Optimizing Facial Expressions of an Android Robot Effectively: a Bayesian Optimization Approach
Yang, Dongsheng, Sato, Wataru, Liu, Qianying, Minato, Takashi, Namba, Shushi, Nishida, Shin'ya
Expressing various facial emotions is an important social ability for efficient communication between humans. A key challenge in human-robot interaction research is providing androids with the ability to make various human-like facial expressions for efficient communication with humans. The android Nikola, we have developed, is equipped with many actuators for facial muscle control. While this enables Nikola to simulate various human expressions, it also complicates identification of the optimal parameters for producing desired expressions.

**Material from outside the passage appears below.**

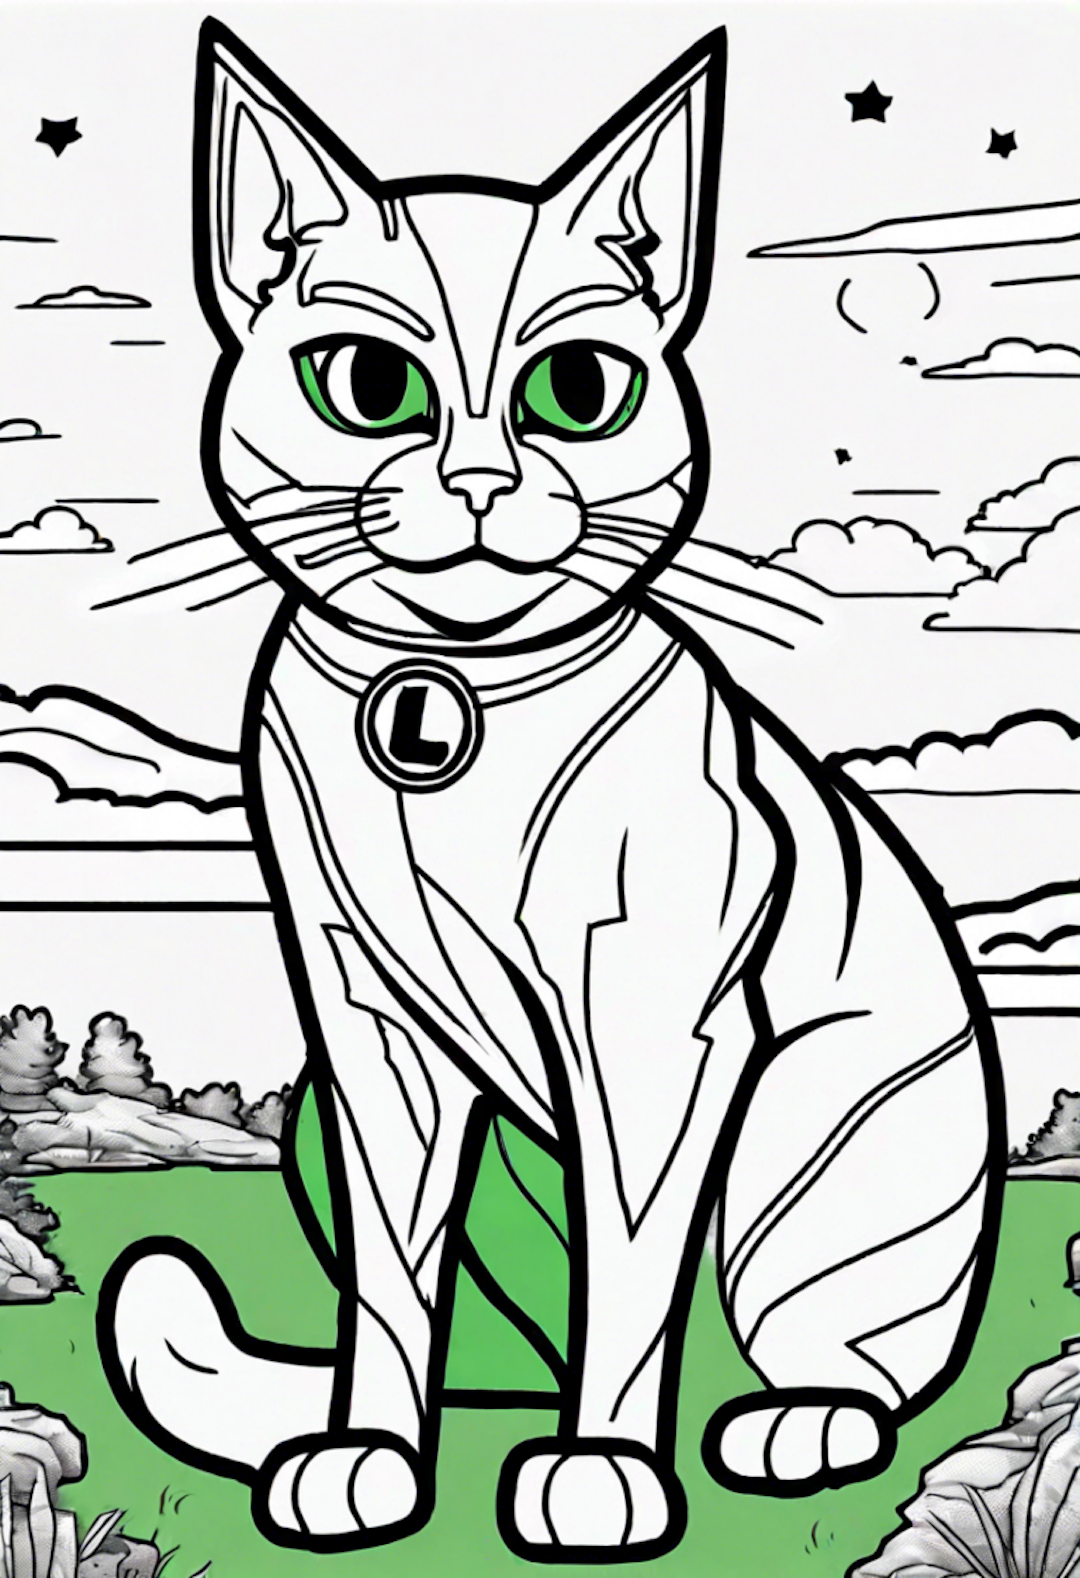 Luna the Cat in a Scenic Landscape coloring pages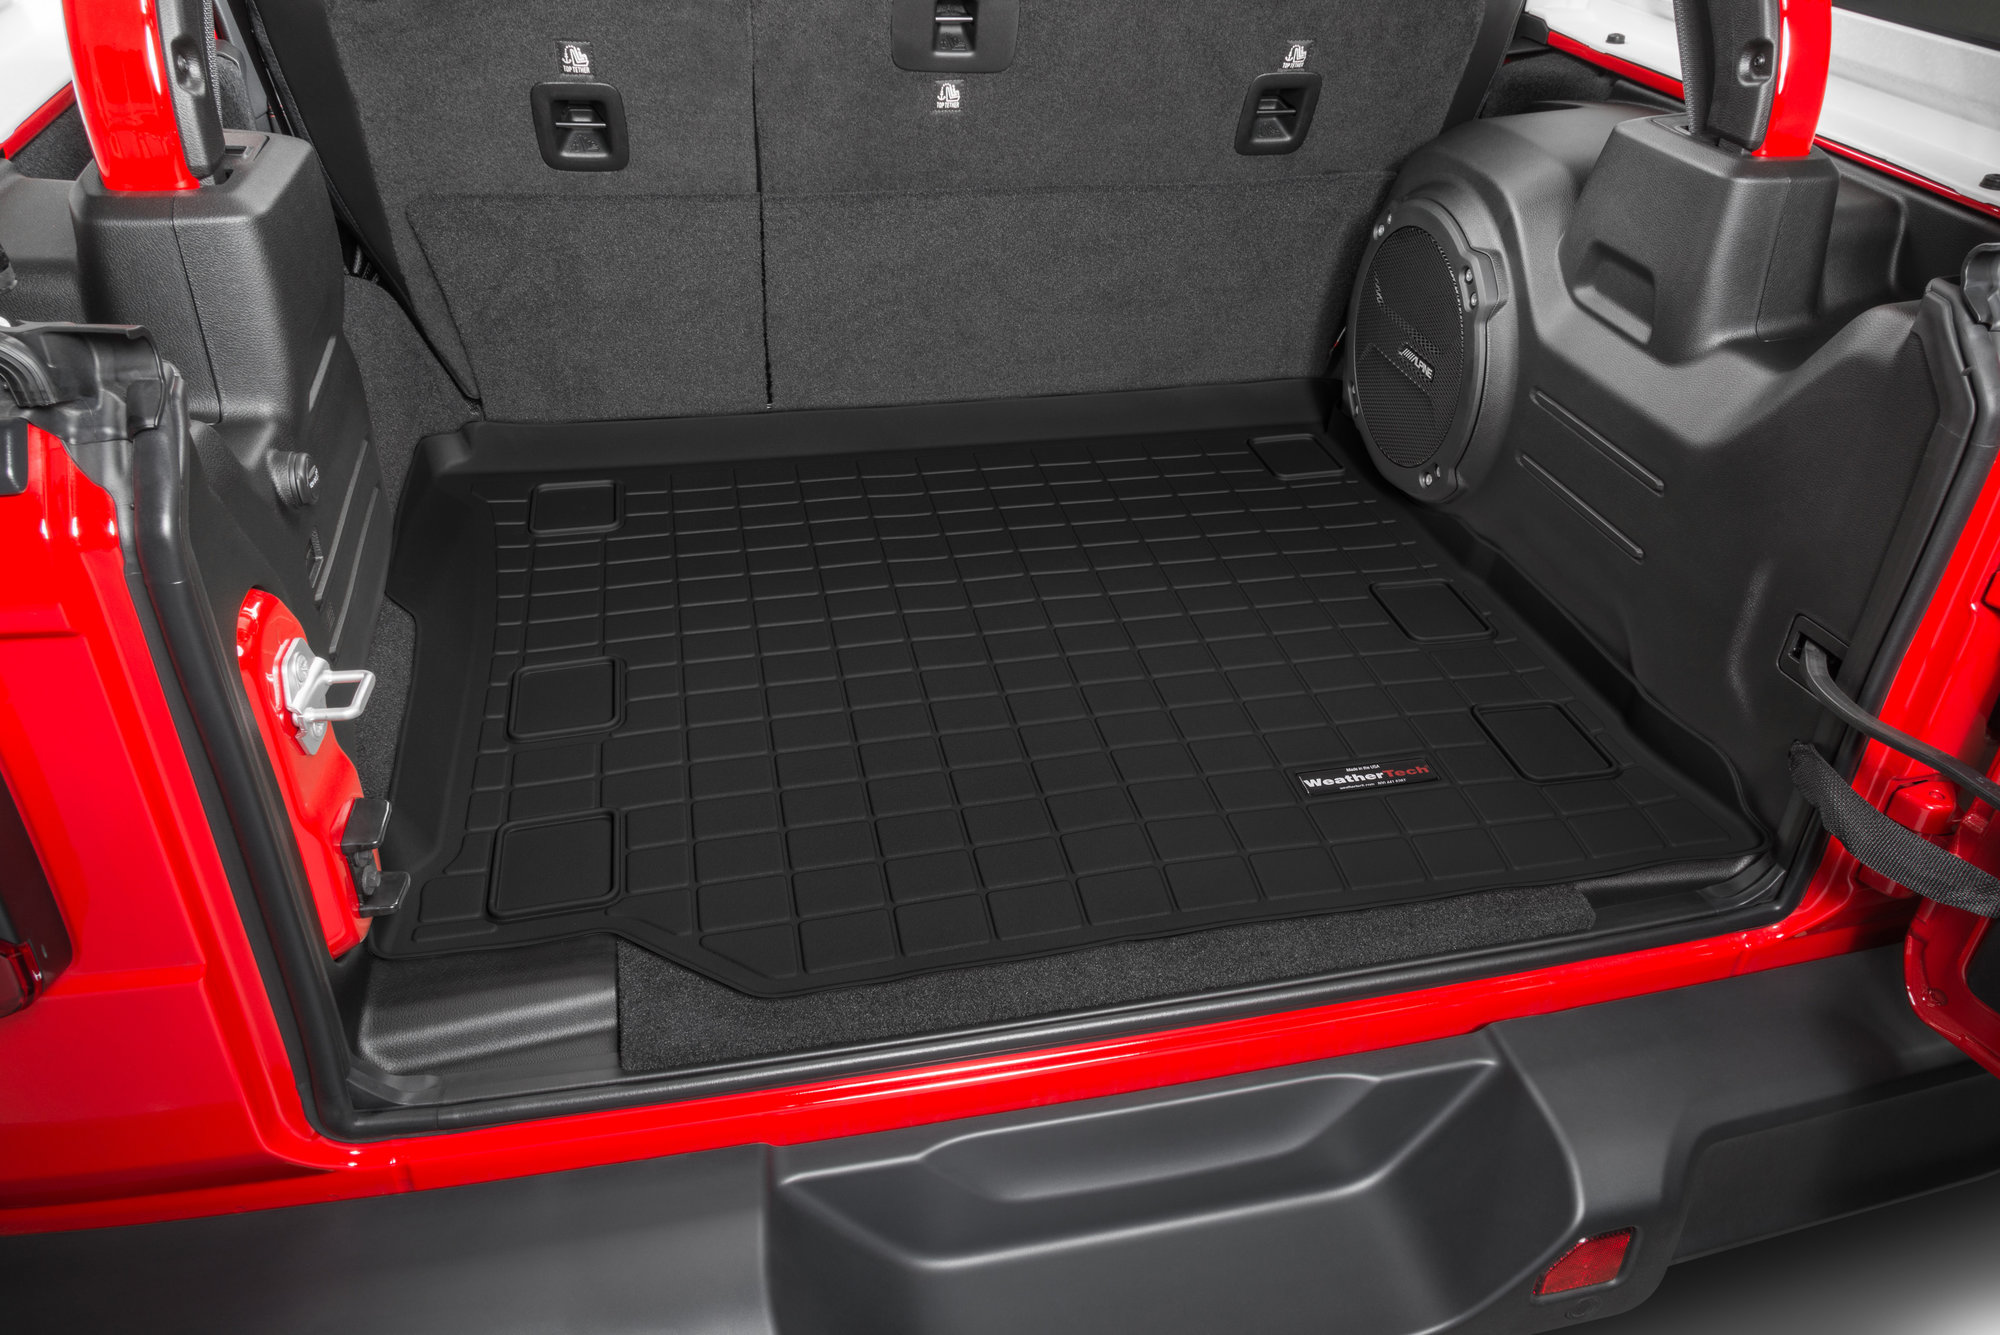 WeatherTech Rear Cargo Liner in Black for 18-22 Jeep Wrangler JL Unlimited  with Cloth Seats | Quadratec

Here, we propose a novel method that automatically optimizes the facial expressions of our android. We use a machine vision algorithm to evaluate the magnitudes of seven basic emotions, and employ the Bayesian Optimization algorithm to identify the parameters that produce the most convincing facial expressions. Evaluations by naive human participants demonstrate that our method improves the rated strength of the android's facial expressions of anger, disgust, sadness, and surprise compared with the previous method that relied on Ekman's theory and parameter adjustments by a human expert.